"""

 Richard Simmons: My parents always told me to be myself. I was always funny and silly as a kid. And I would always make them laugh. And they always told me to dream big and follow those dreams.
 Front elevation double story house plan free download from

"""
"""

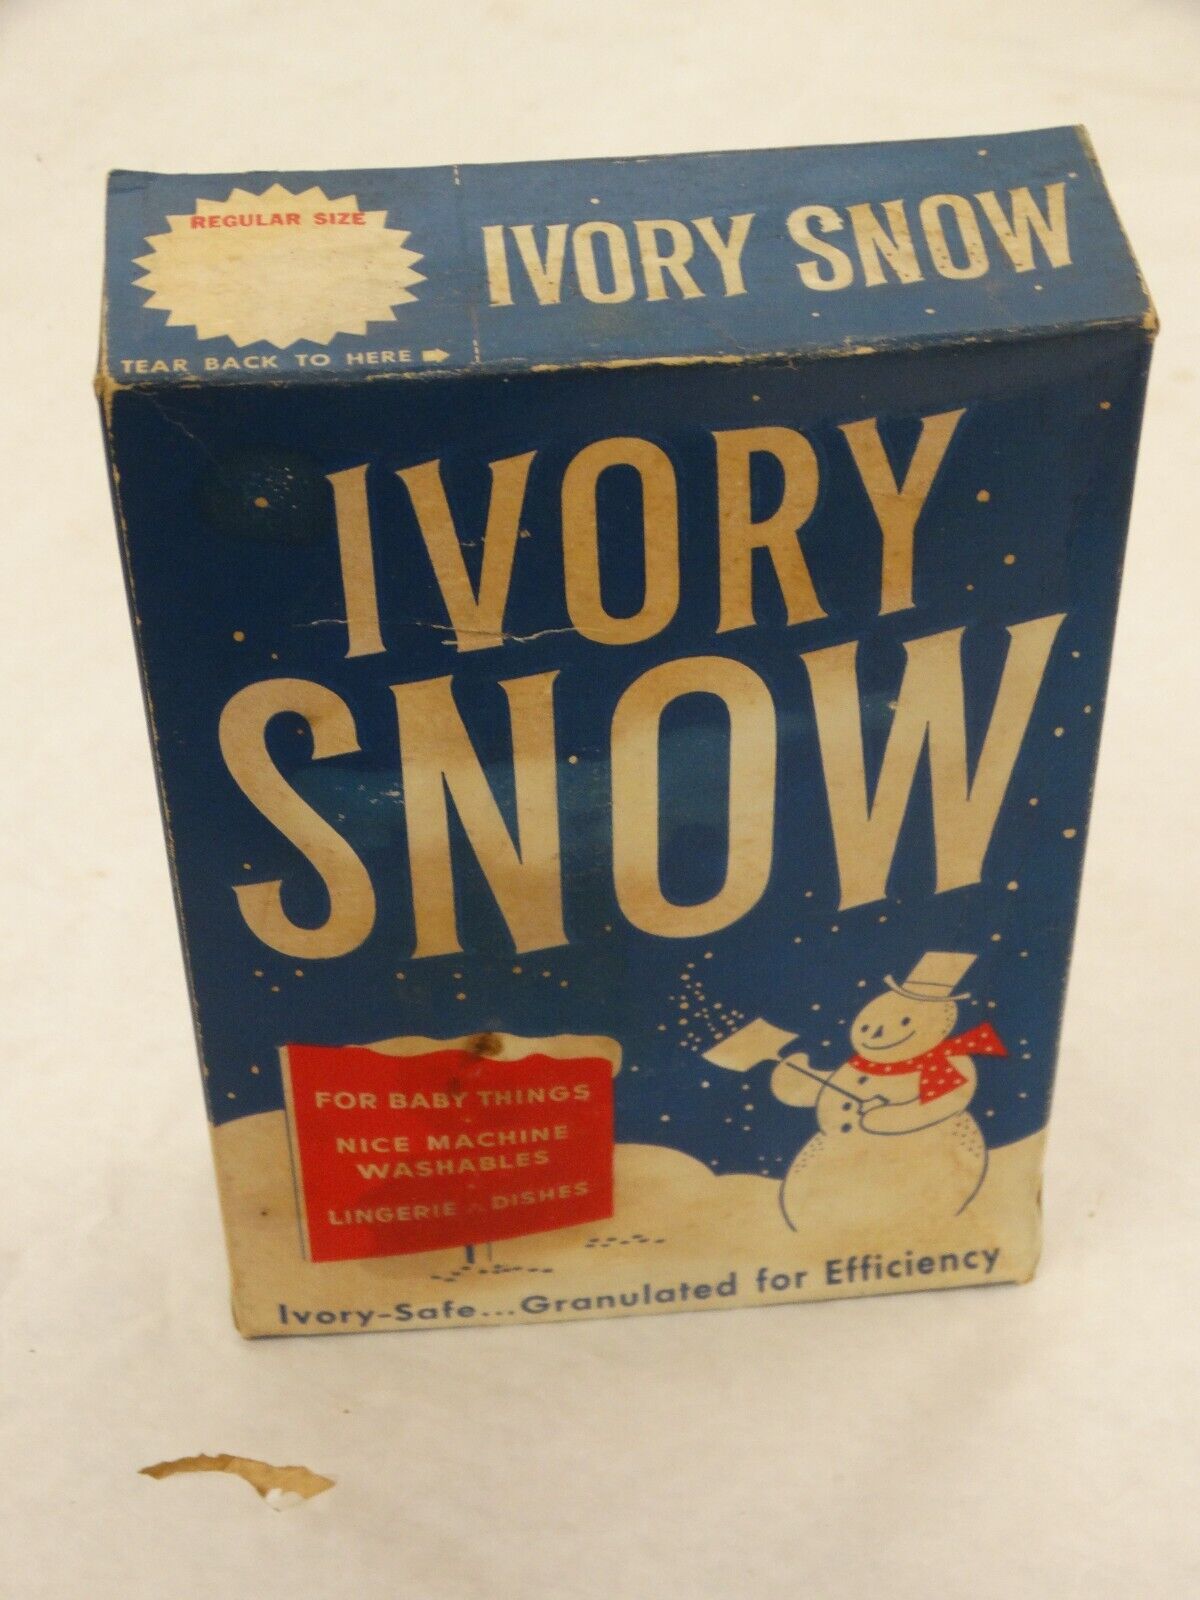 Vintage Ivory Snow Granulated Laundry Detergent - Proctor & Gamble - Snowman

"""
"""

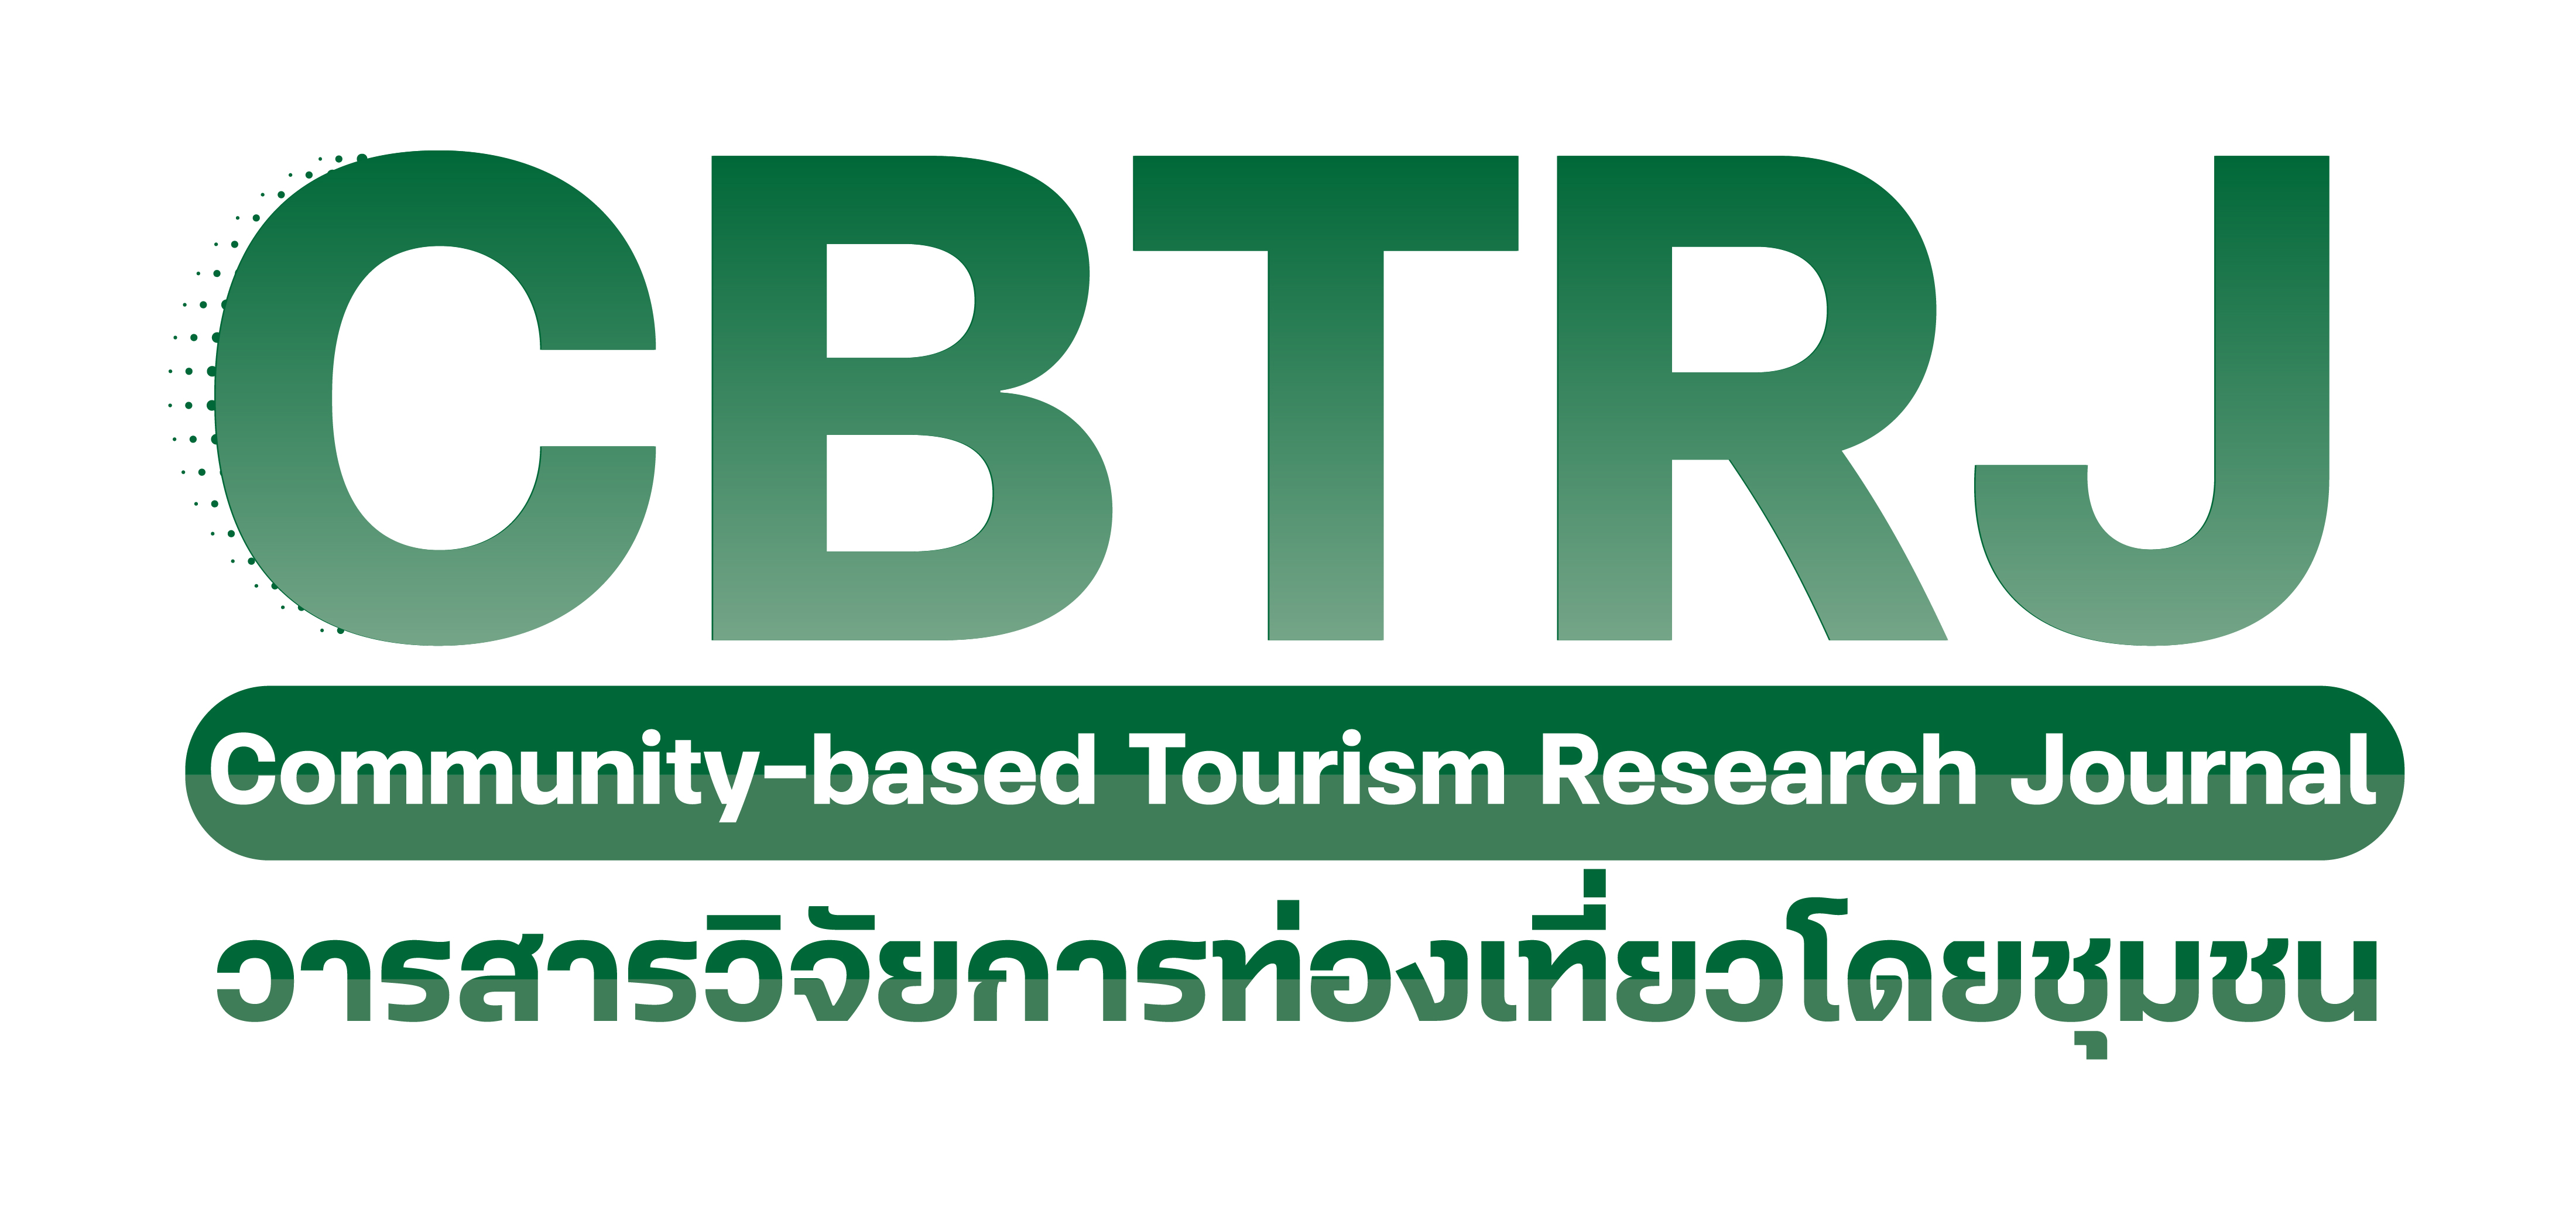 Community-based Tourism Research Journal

"""

WORK TO BE COMPLETED:
Using the entries above, return exactly the lines from the line with "Richard Simmons: My" to the line with "Front elevation double", counting both of those lines.

ANSWER TO THE PROBLEM:
 Richard Simmons: My parents always told me to be myself. I was always funny and silly as a kid. And I would always make them laugh. And they always told me to dream big and follow those dreams.
 Front elevation double story house plan free download from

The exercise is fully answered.